BEGIN

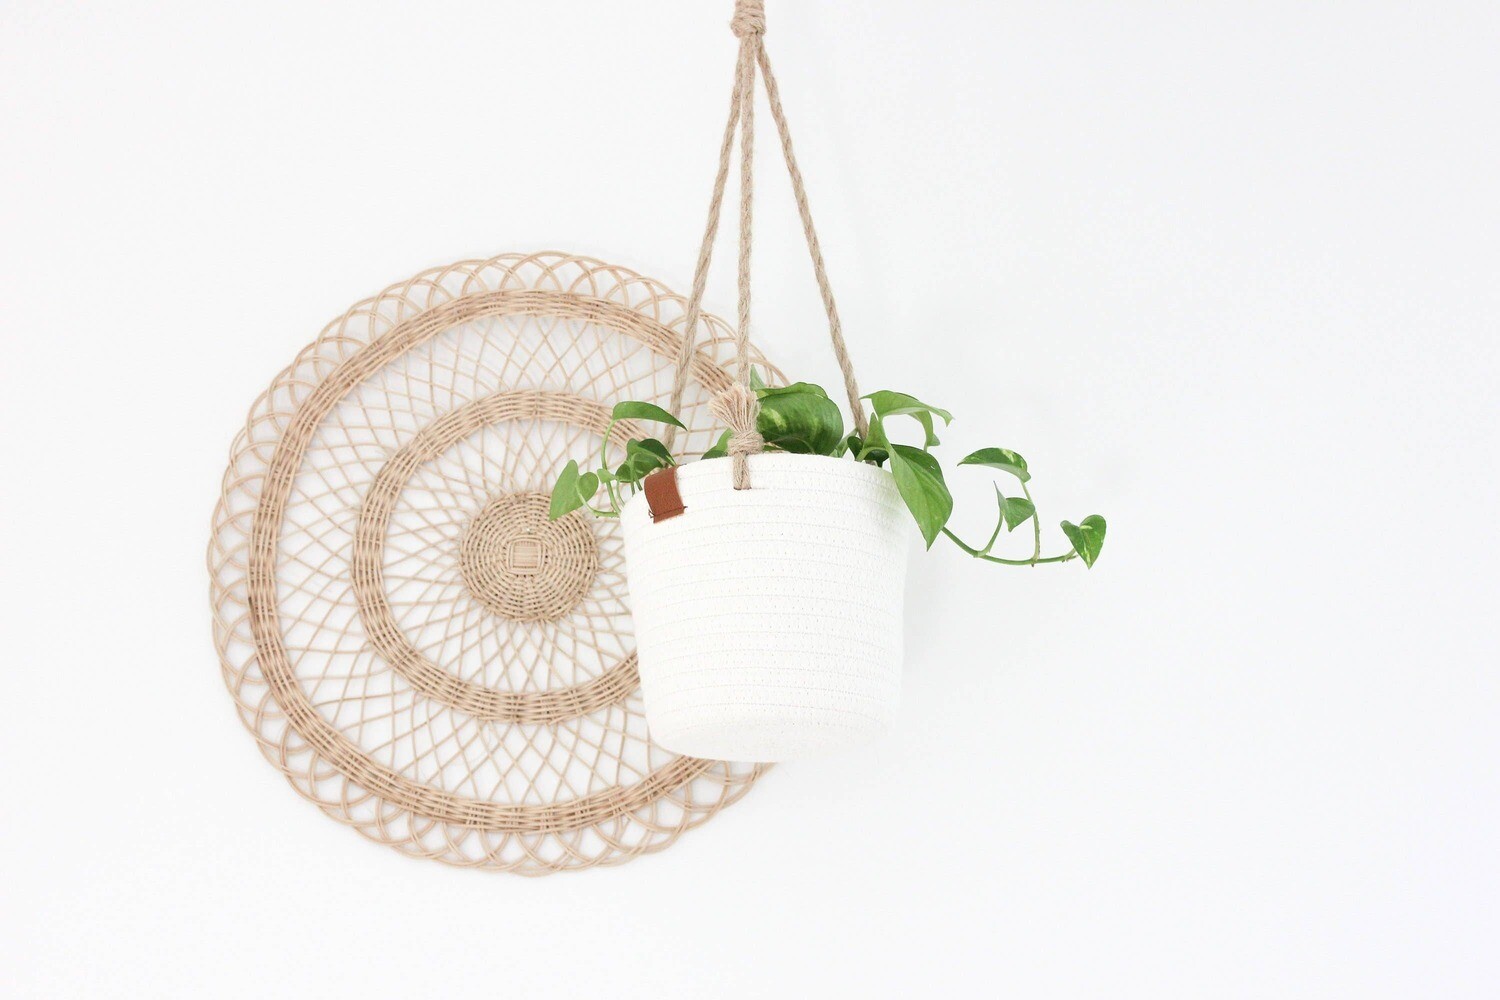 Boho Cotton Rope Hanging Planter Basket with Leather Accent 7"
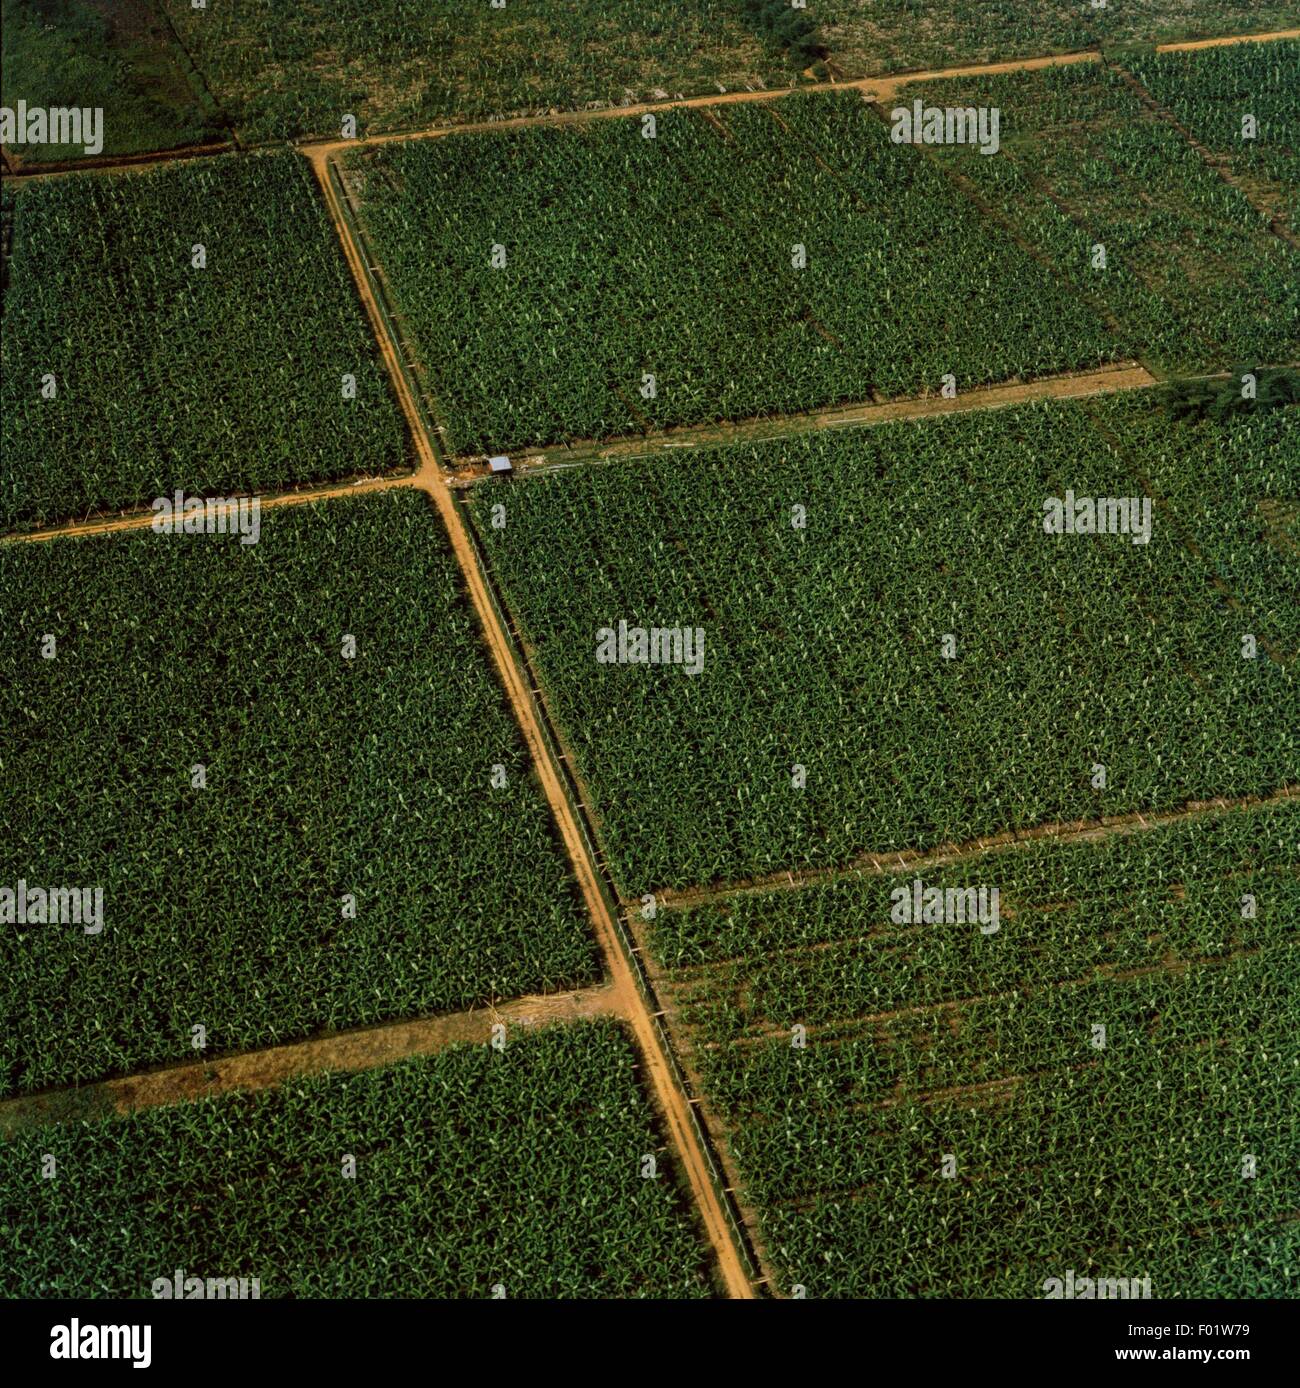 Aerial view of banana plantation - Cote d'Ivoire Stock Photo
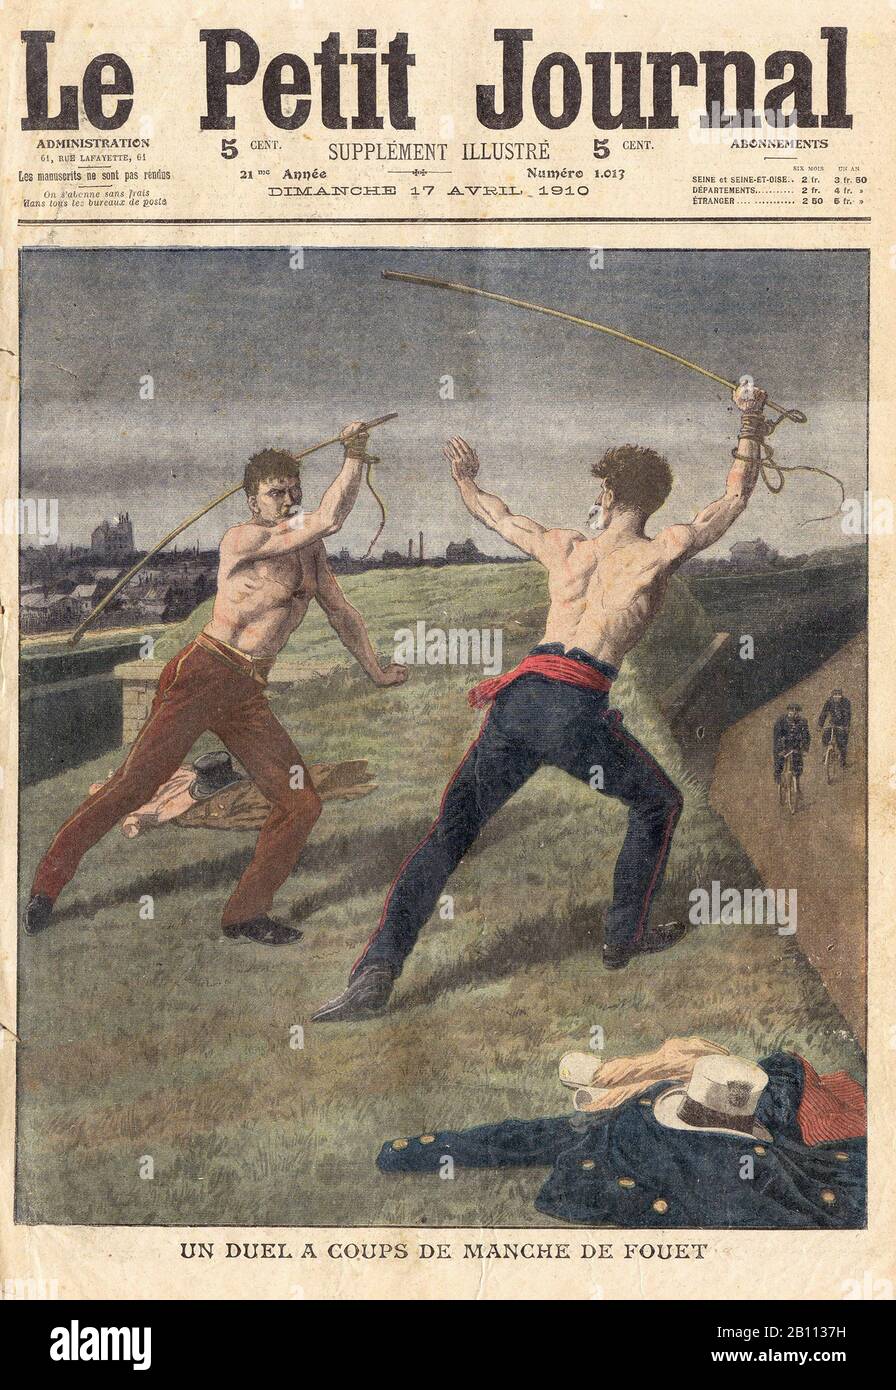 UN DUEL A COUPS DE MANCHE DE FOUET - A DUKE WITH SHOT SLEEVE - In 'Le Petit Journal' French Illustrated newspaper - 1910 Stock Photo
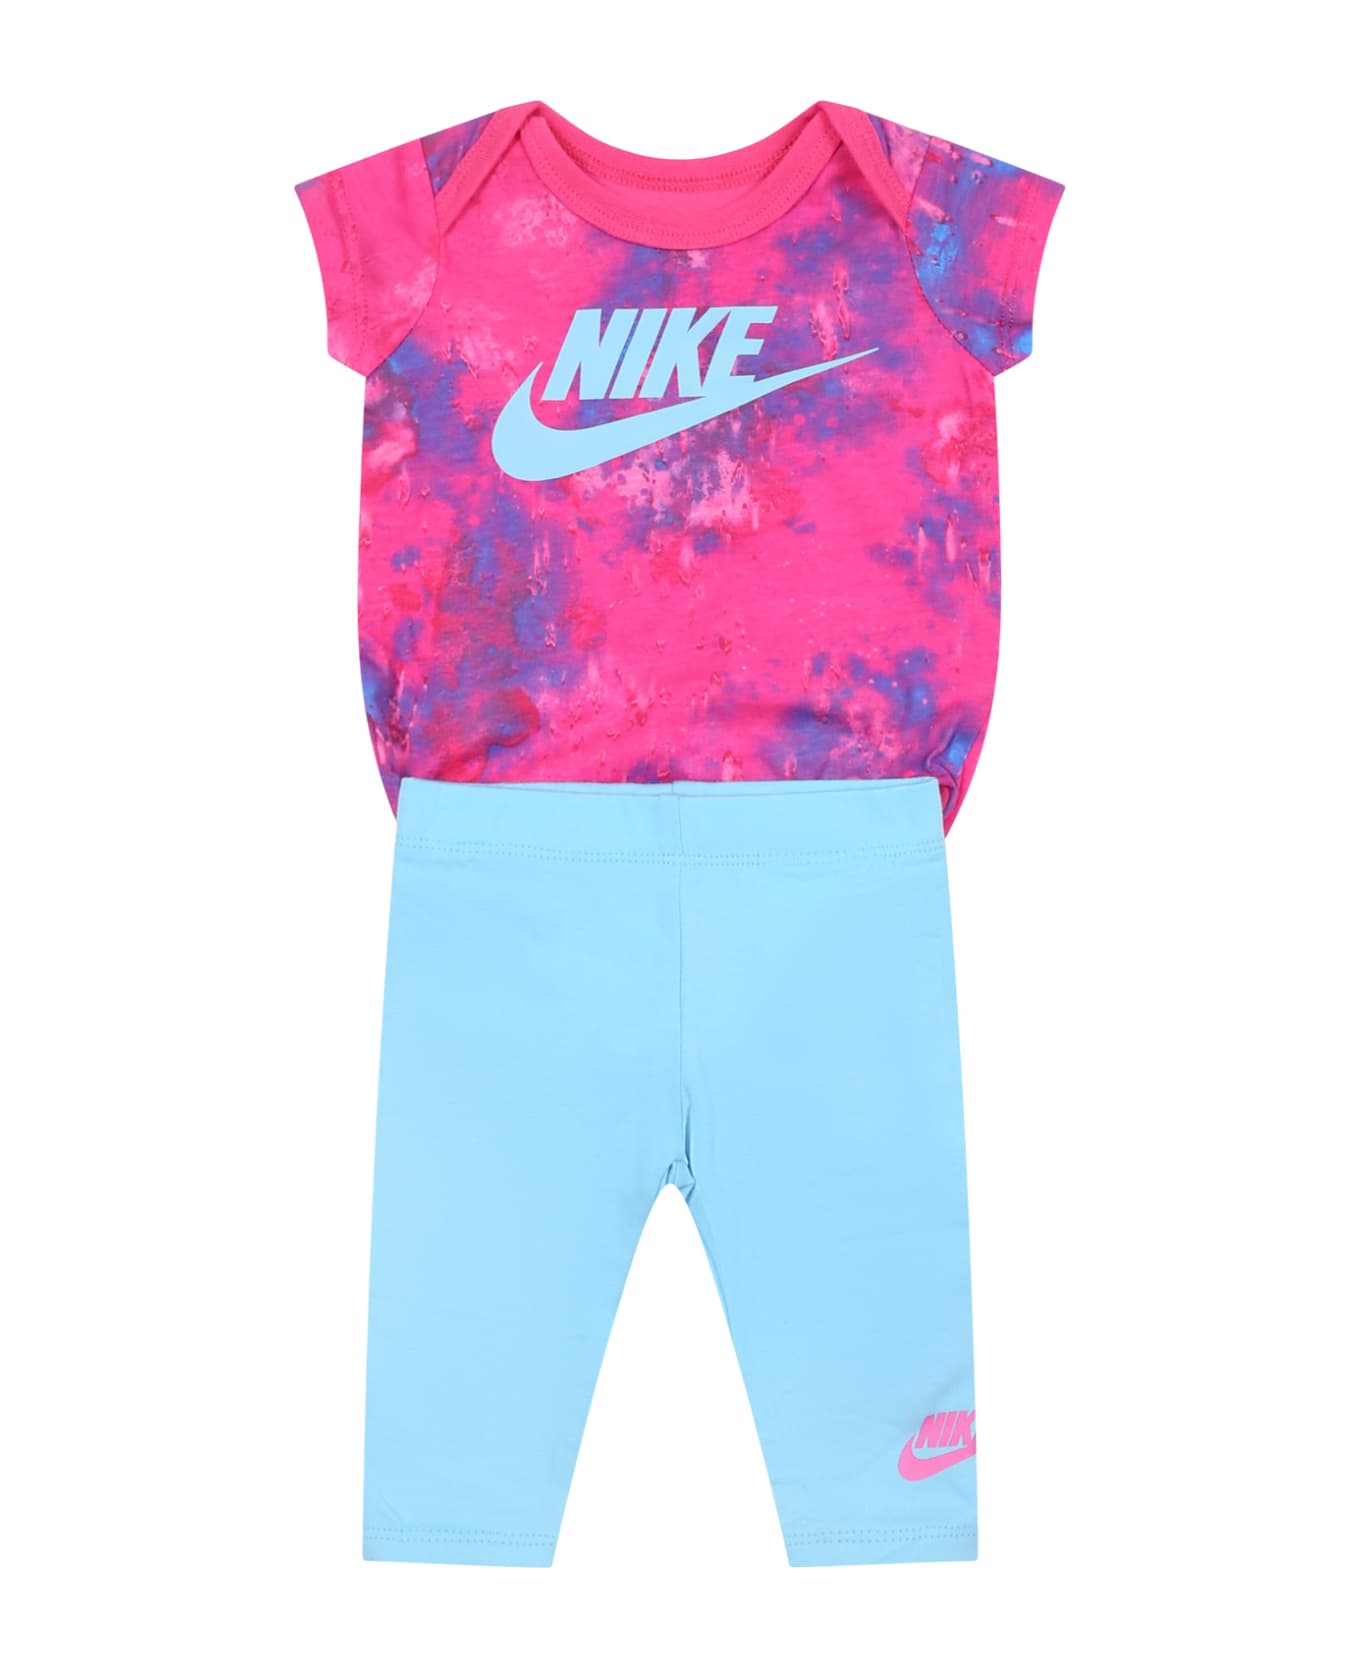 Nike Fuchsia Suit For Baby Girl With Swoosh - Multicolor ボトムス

END

* _About this exercise_
Hand back exactly the lines from the one with "Aerial view of" through the last line of the data above, both ends included, with every picture left out.

* _Answer box_
 Aerial view of banana plantation - Cote d'Ivoire Stock Photo
 UN DUEL A COUPS DE MANCHE DE FOUET - A DUKE WITH SHOT SLEEVE - In 'Le Petit Journal' French Illustrated newspaper - 1910 Stock Photo
 Nike Fuchsia Suit For Baby Girl With Swoosh - Multicolor ボトムス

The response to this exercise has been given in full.